Hoyle himself remembered the meeting in a more positive light:

To my surprise, Willy didn’t laugh when I explained the difficulty. I cannot remember whether he called in a Kellogg mob [the nuclear physics group that included, among others, Ward Whaling, William Wenzel, Noel Dunbar, Charles Barnes, and Ralph Pixley] there and then, or whether it was a few hours or a day or two later . . . It was then that general consensus decided a new experiment should be done.

In an interview in 2001, neither Ward Whaling nor Noel Dunbar remembered any specific details of this meeting, but Charles Barnes recalled that Willy’s rather small office was packed and that “as Fred presented his ideas, it was clear that the audience was visibly skeptical. Even Willy seemed to be somewhat skeptical.” Whatever precisely happened at that meeting, the net result was that the “Kellogg mob” did decide to perform the experiment, and Ward Whaling and his colleagues were identified as the group that had the best experimental setup to perform the necessary measurements.

Whaling, Dunbar, and their collaborators decided to tackle the problem by bombarding nitrogen (¹⁴N) nuclei with deuterium (²H). This nuclear reaction produces carbon (¹²C) nuclei and alpha particles (⁴He).
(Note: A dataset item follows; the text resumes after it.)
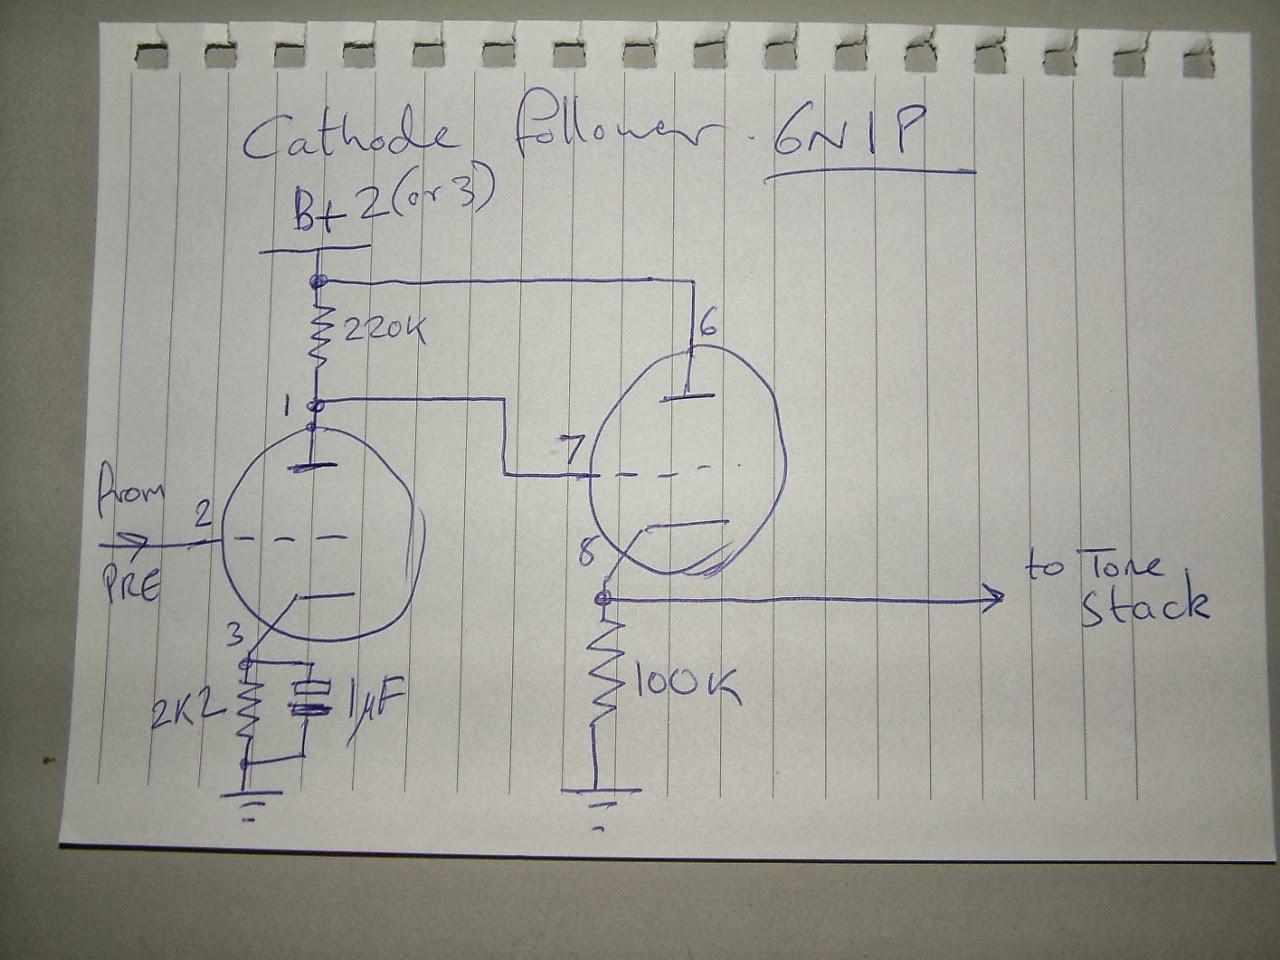 Charmant Mf35 Schaltplan Fotos - Elektrische Schaltplan-Ideen ...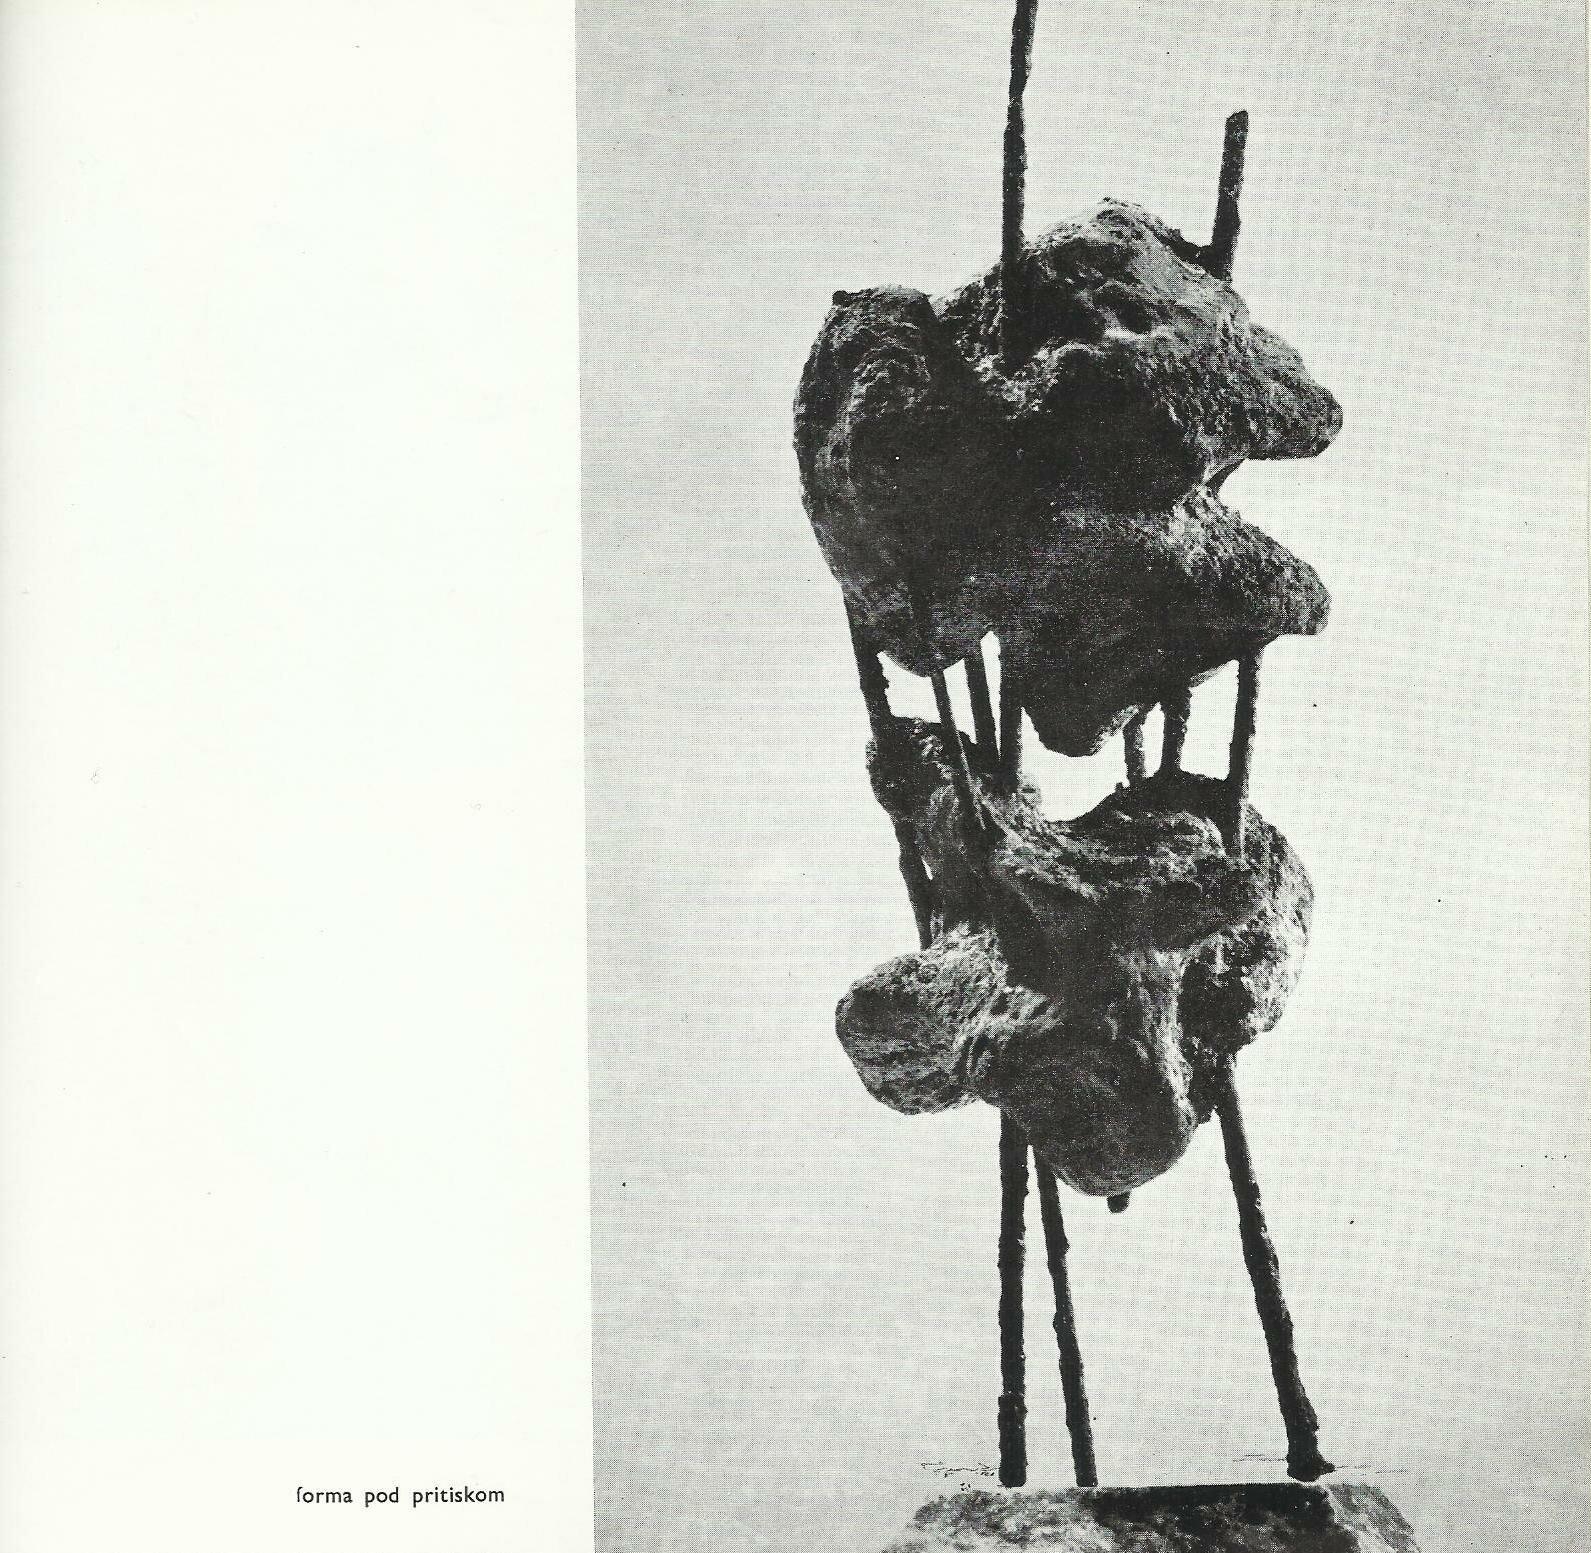 Olga_Jevrić,_Forma_pod_pritiskom,_oksid_gvožđa,_1963.

By examining carefully the energy of the outstreaming alpha particles (and remembering that the total energy is conserved), they could detect not only particles coming out with high energy (therefore leaving the carbon in its low-energy ground state) but also particles emerging with lower energy, indicating that some energy was left in the carbon nucleus. The results were clear. Within a couple of weeks, the experimental group found a resonance in carbon at 7.68 MeV (with a possible error of 0.03 MeV)—in incredible agreement with Hoyle’s prediction! In their just-over-one-page paper describing the results, the nuclear physicists started by noting: “Hoyle explains the original formation of elements heavier than helium by this process” (fusion of beryllium with helium). They finished with an acknowledgement: “We are indebted to Professor Hoyle for pointing out to us the astrophysical significance of this level.”

Despite his amazingly successful prediction, Hoyle realized that this was not the time to rest on his laurels. For carbon to survive, the nuclei had to obey yet another important requirement: Carbon had to be unable to rapidly capture a fourth alpha particle that would have transformed it all into oxygen. In other words, one had to be sure that there is no resonant state in the oxygen nucleus to enhance the carbon-plus-alpha reaction rate. To complete his triumph with the theory of carbon production, Hoyle showed that such a resonant reaction indeed does not occur—the energy of the respective level in oxygen is lower by about 1 percent from the value that would have made it resonant.